Gateway and device navigation:
A tree view organizes traffic by gateway, then by operator, then by individual device. Every device address gets automatically mapped to its operator using the built-in LoRa Alliance NetID database covering 175+ operators. You see at a glance which operators have devices in range of your gateways and how much traffic each generates.
Per-device analytics:
Drill into any device -- yours or foreign -- and see frame counter timelines with gap detection (revealing packet loss), RSSI and SNR trends over time, transmission interval histograms, and distributions across spreading factors, frequencies, and gateways. For your own devices, this is detailed diagnostic data. For foreign devices, it reveals how other operators' deployments behave in your area.
Spectrum view:
Channel usage distribution, spreading factor breakdown, and duty cycle tracking across your gateways. This answers the question every LoRaWAN operator should ask: how busy is the spectrum in my area, and which channels are most congested?
Operator identification:
The built-in NetID database automatically identifies which operator owns each device based on its DevAddr. Custom prefix rules let you label your own networks and separate "my devices" from foreign traffic in every view.
Join request tracking:
Join requests grouped by JoinEUI with manufacturer lookup and timeline visualization. Useful for spotting devices that keep re-joining (indicating connectivity problems) or identifying new devices appearing in your area.
Live packet feed:

Real-time WebSocket stream showing every packet as it arrives. Filter by packet type, RSSI range, or ownership. Useful for watching device behavior during commissioning or troubleshooting.
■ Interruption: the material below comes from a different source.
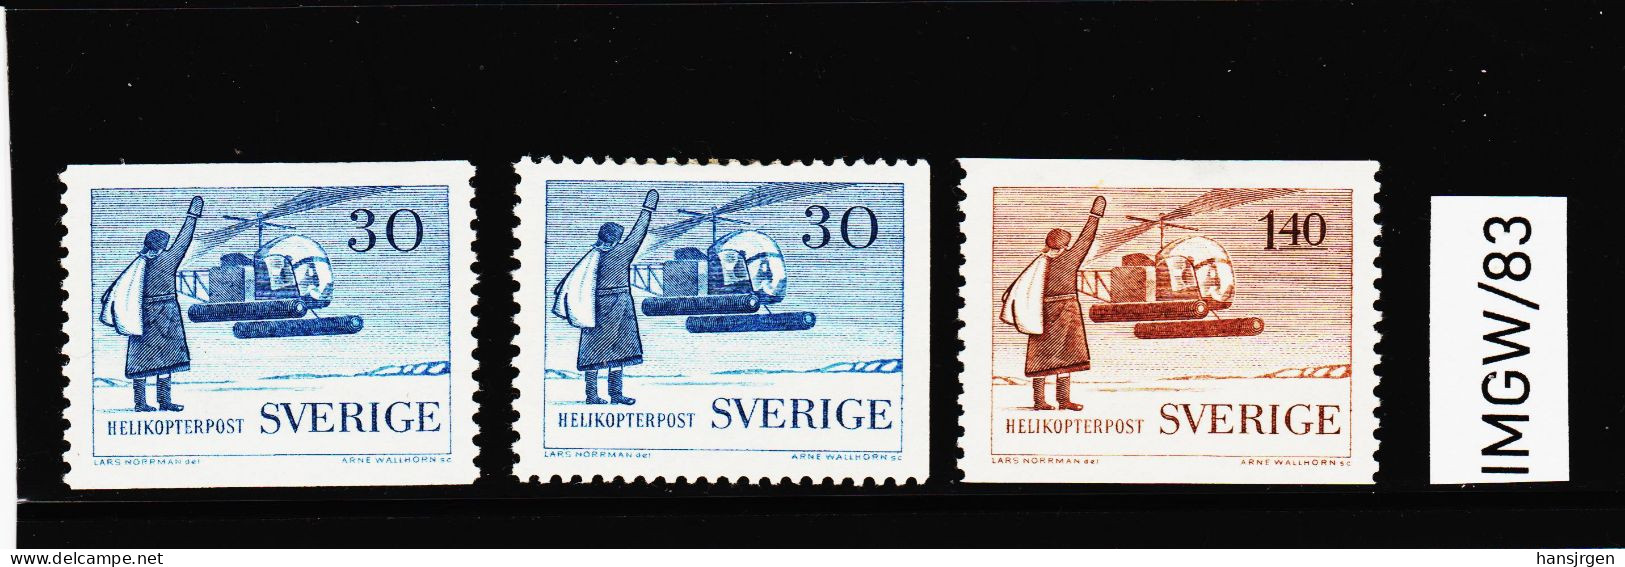 IMGW/83  SCHWEDEN 1958  Michl  434/35  ** Postfrisch ZÄHNUNG SIEHE ABBILDUNG - Unused Stamps

Session tracking and airtime:
The analyzer correlates join requests with subsequent data uplinks, tracking device sessions. Per-packet airtime calculation based on Semtech SX1302 datasheet formulas gives accurate duty cycle accounting.
Setup
Three commands. The analyzer runs as Docker containers alongside your existing ChirpStack installation.
cp config.toml.example config.toml
# edit mqtt.server to point at your ChirpStack MQTT broker
docker compose up -d
This starts two containers: the analyzer (web dashboard + API on port 15337) and ClickHouse (time-series storage, internal only). Dashboard is at localhost:15337. Packets appear as soon as gateways publish to the broker.
MQTT configuration:
The analyzer connects to the same MQTT broker that ChirpStack Gateway Bridge publishes to. No extra MQTT server needed. Point it at your existing broker:
[mqtt]
server = "tcp://your-chirpstack-mqtt:1883"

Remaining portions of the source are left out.